**Data shown**
%%

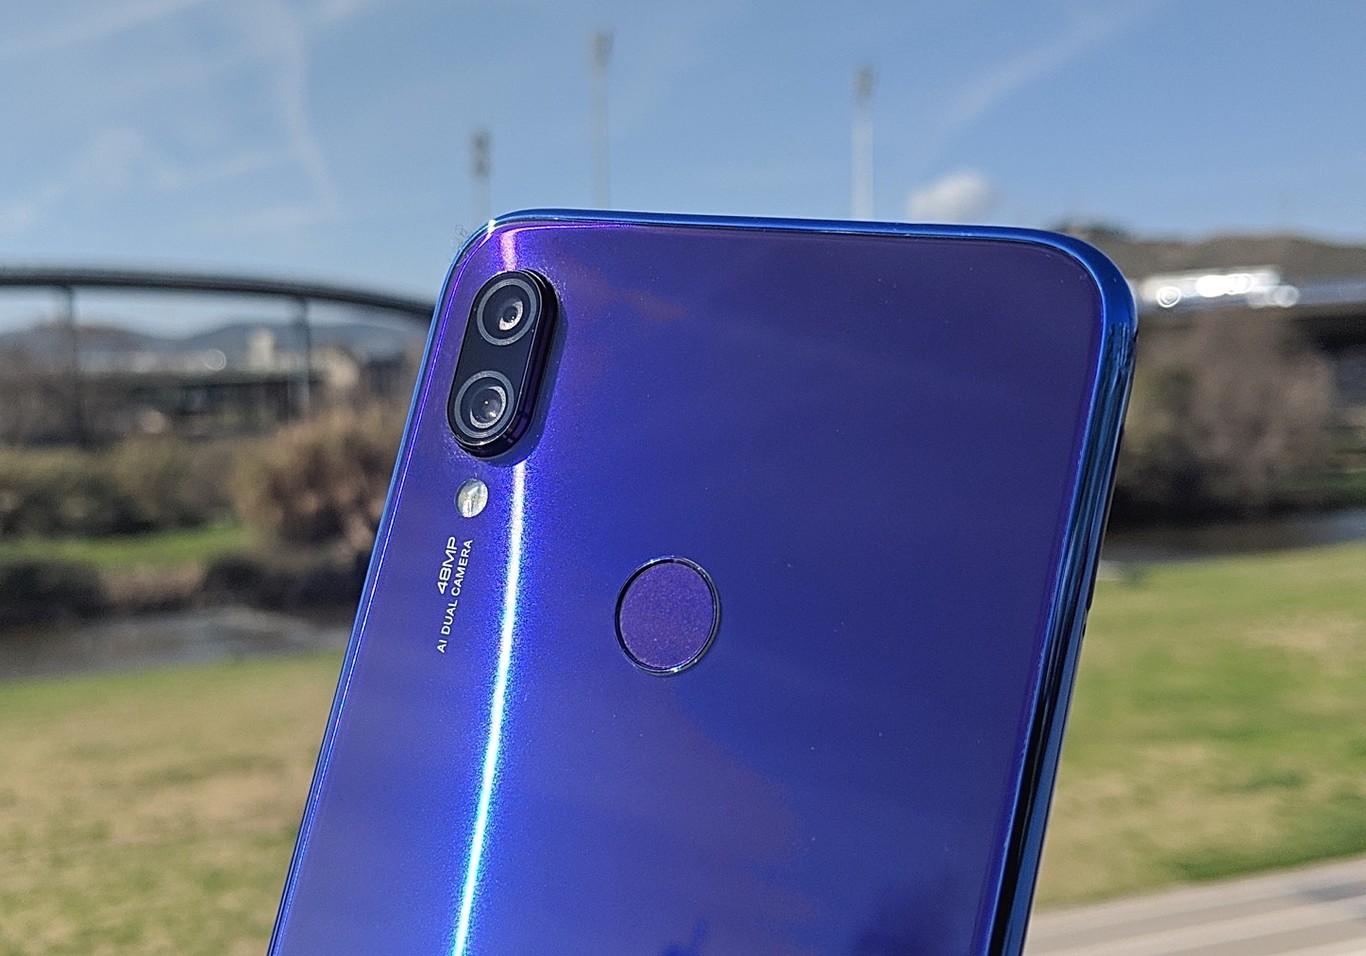 Cámaras de más de 100 megapixeles: el próximo paso en fotografía de smartphones que llegarán este 2019, según...
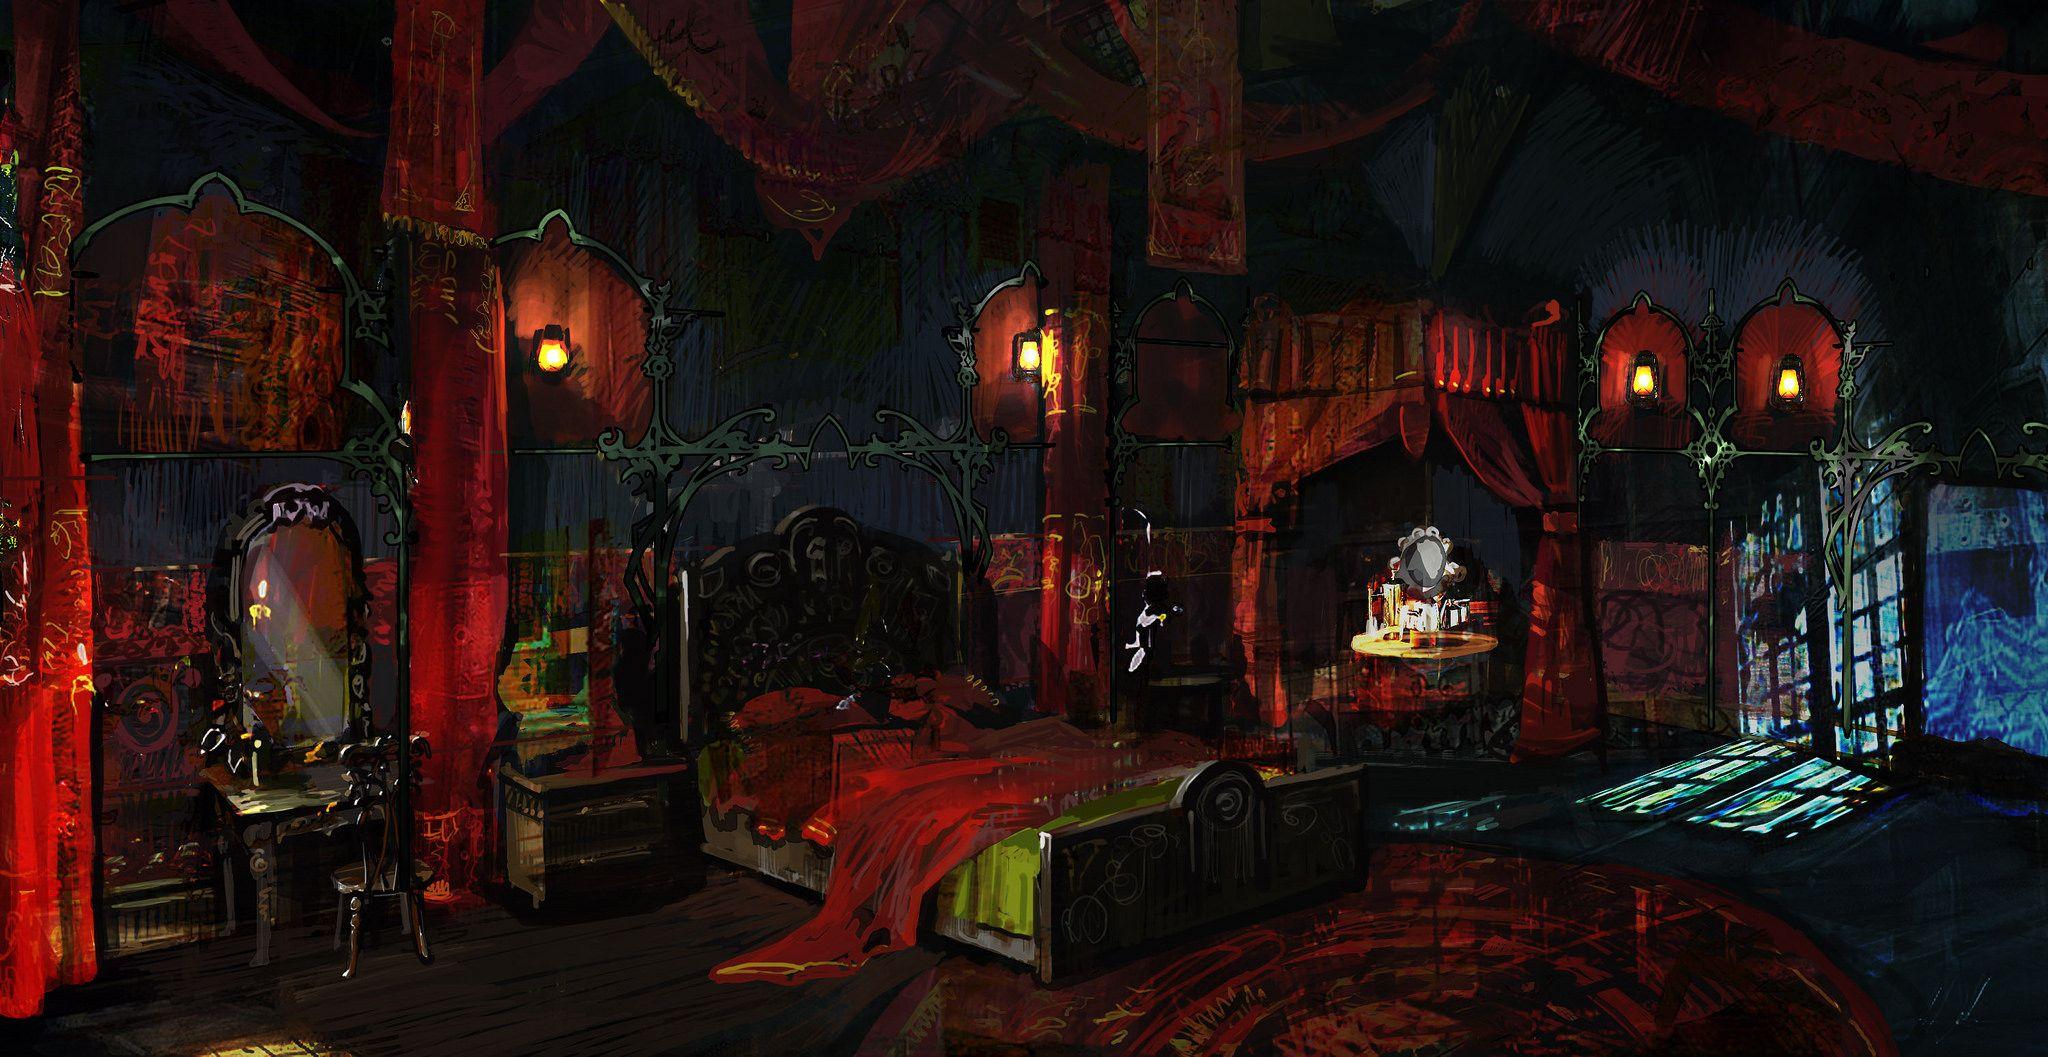 The Witcher artwork Fantasy landscape, Fantasy art
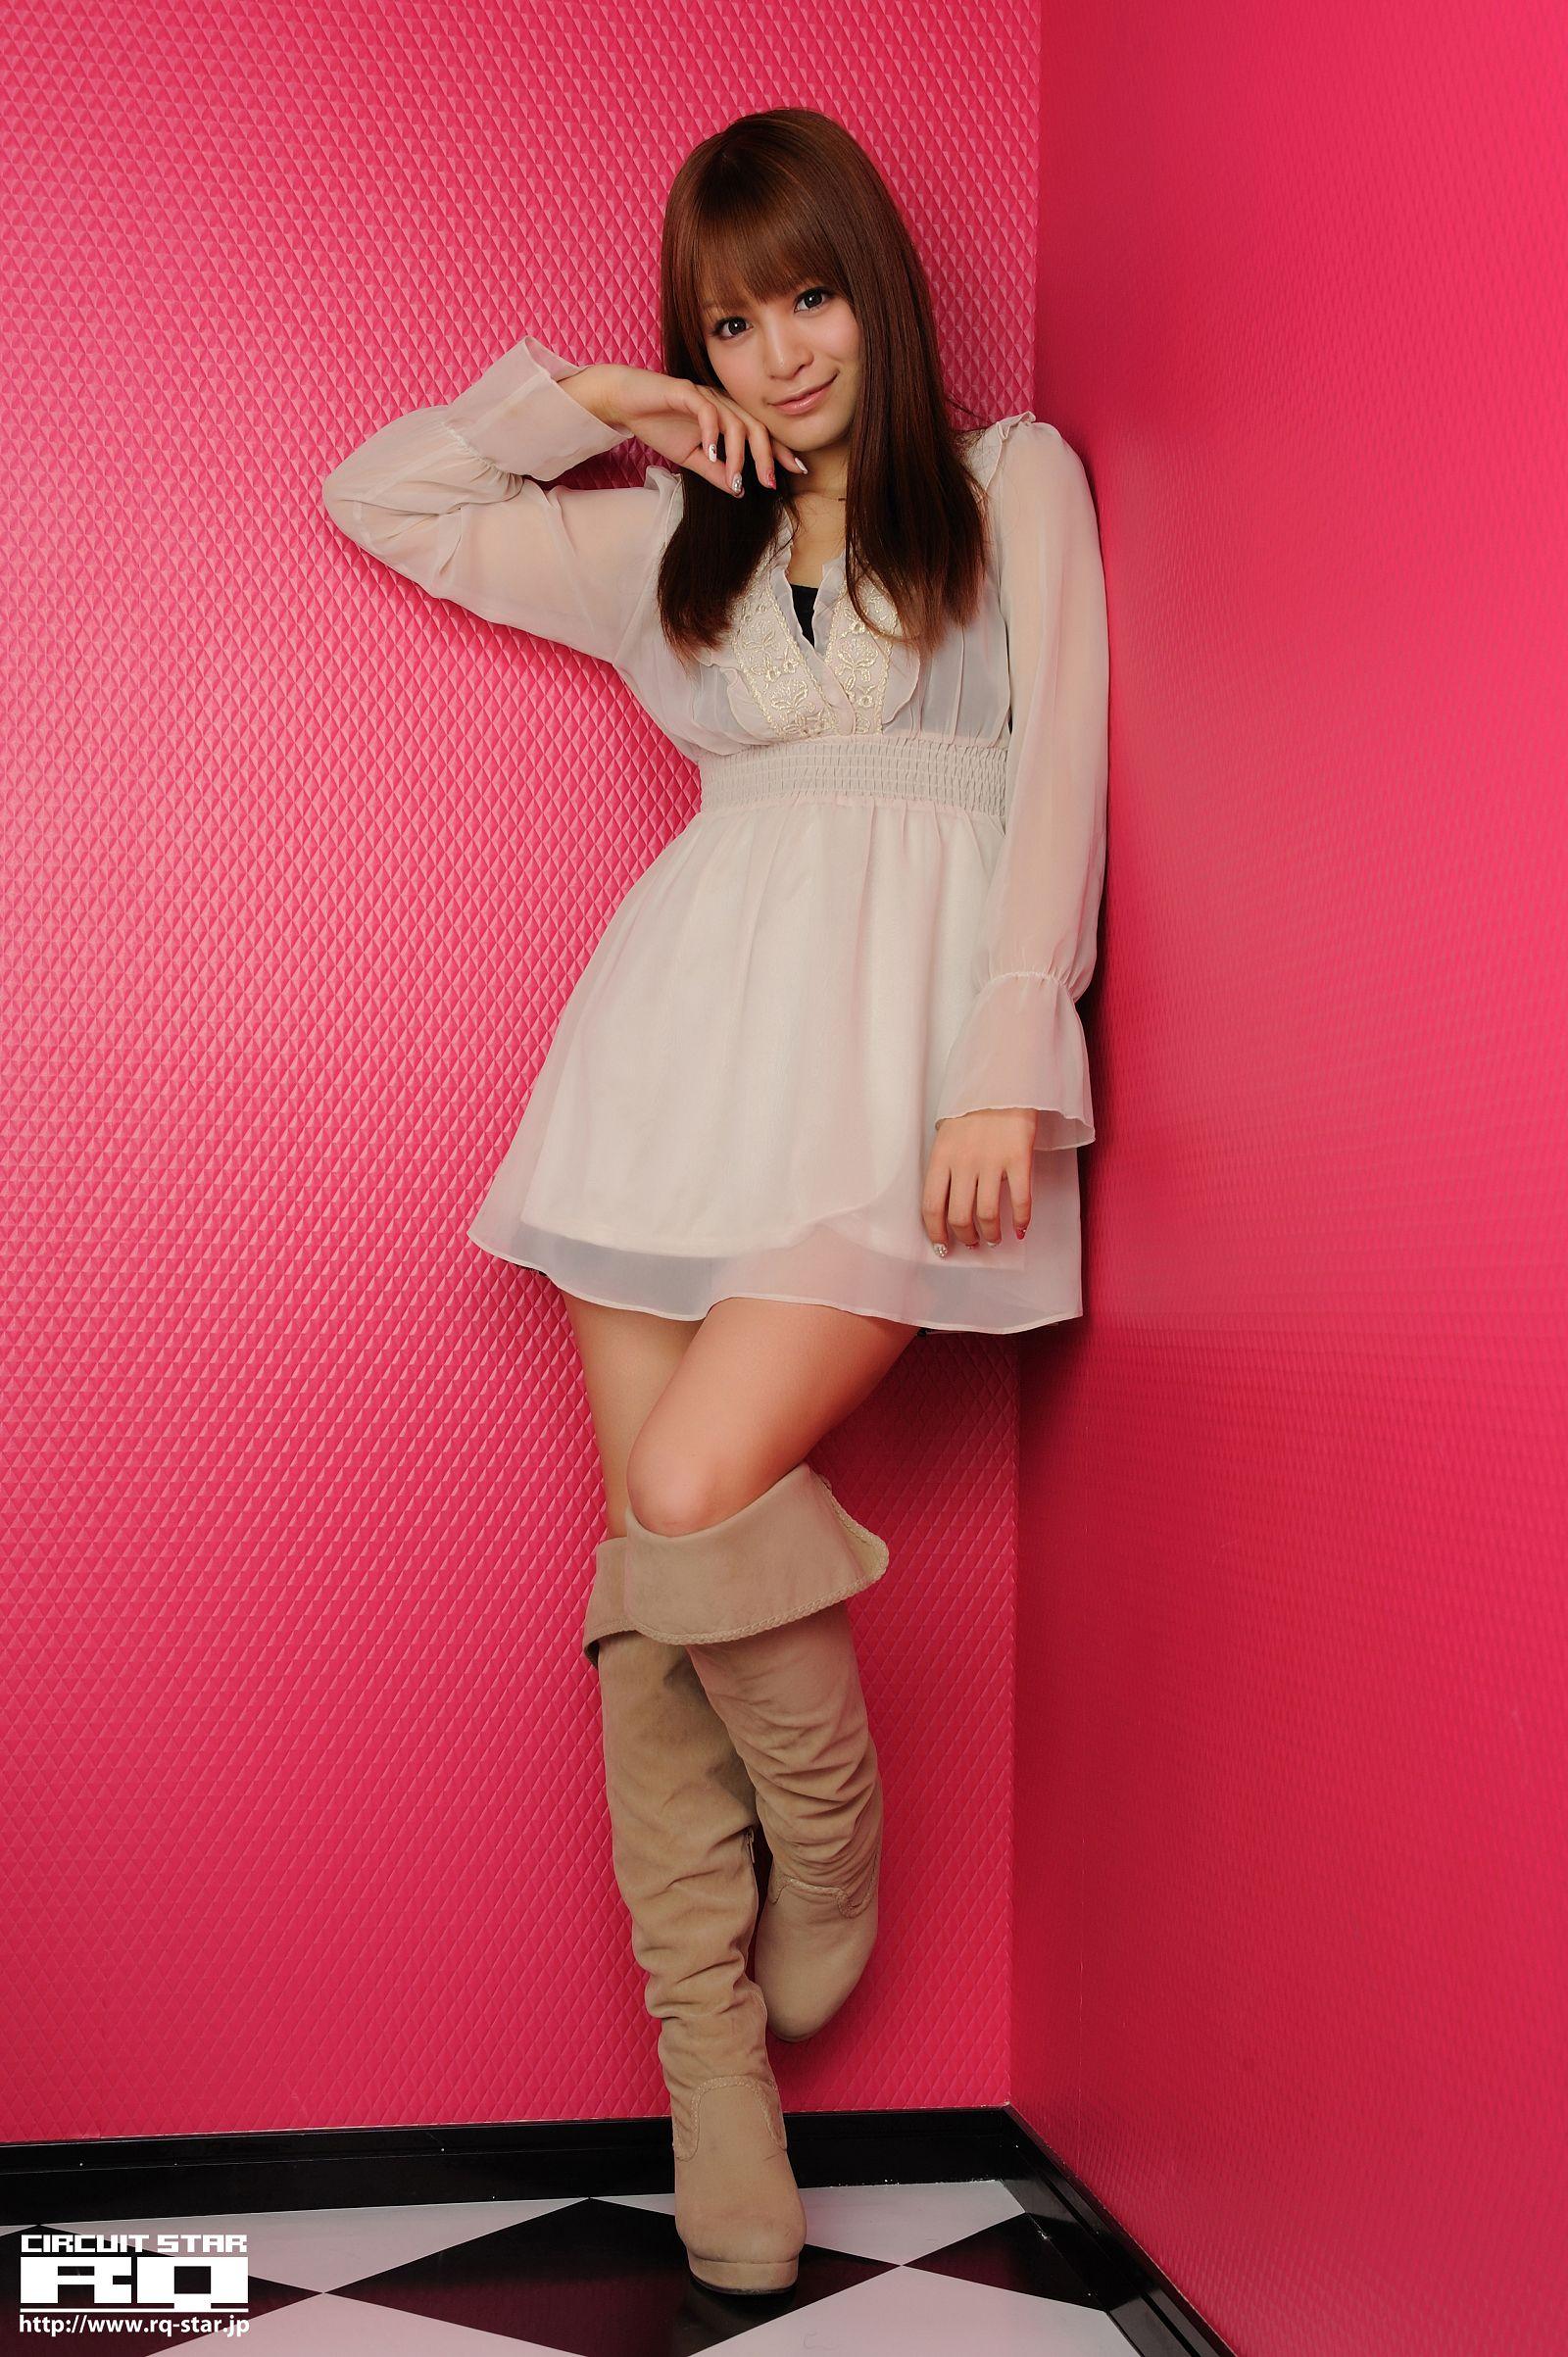 [RQ STAR美女] NO.00579 Megumi Haruna 春菜めぐみ Private Dress[70P] RQ STAR 第1张

%%

**Task item**
Return the listing unchanged except for the pictures, which should be dropped.

**Written response**
 Cámaras de más de 100 megapixeles: el próximo paso en fotografía de smartphones que llegarán este 2019, según...
 The Witcher artwork Fantasy landscape, Fantasy art
 [RQ STAR美女] NO.00579 Megumi Haruna 春菜めぐみ Private Dress[70P] RQ STAR 第1张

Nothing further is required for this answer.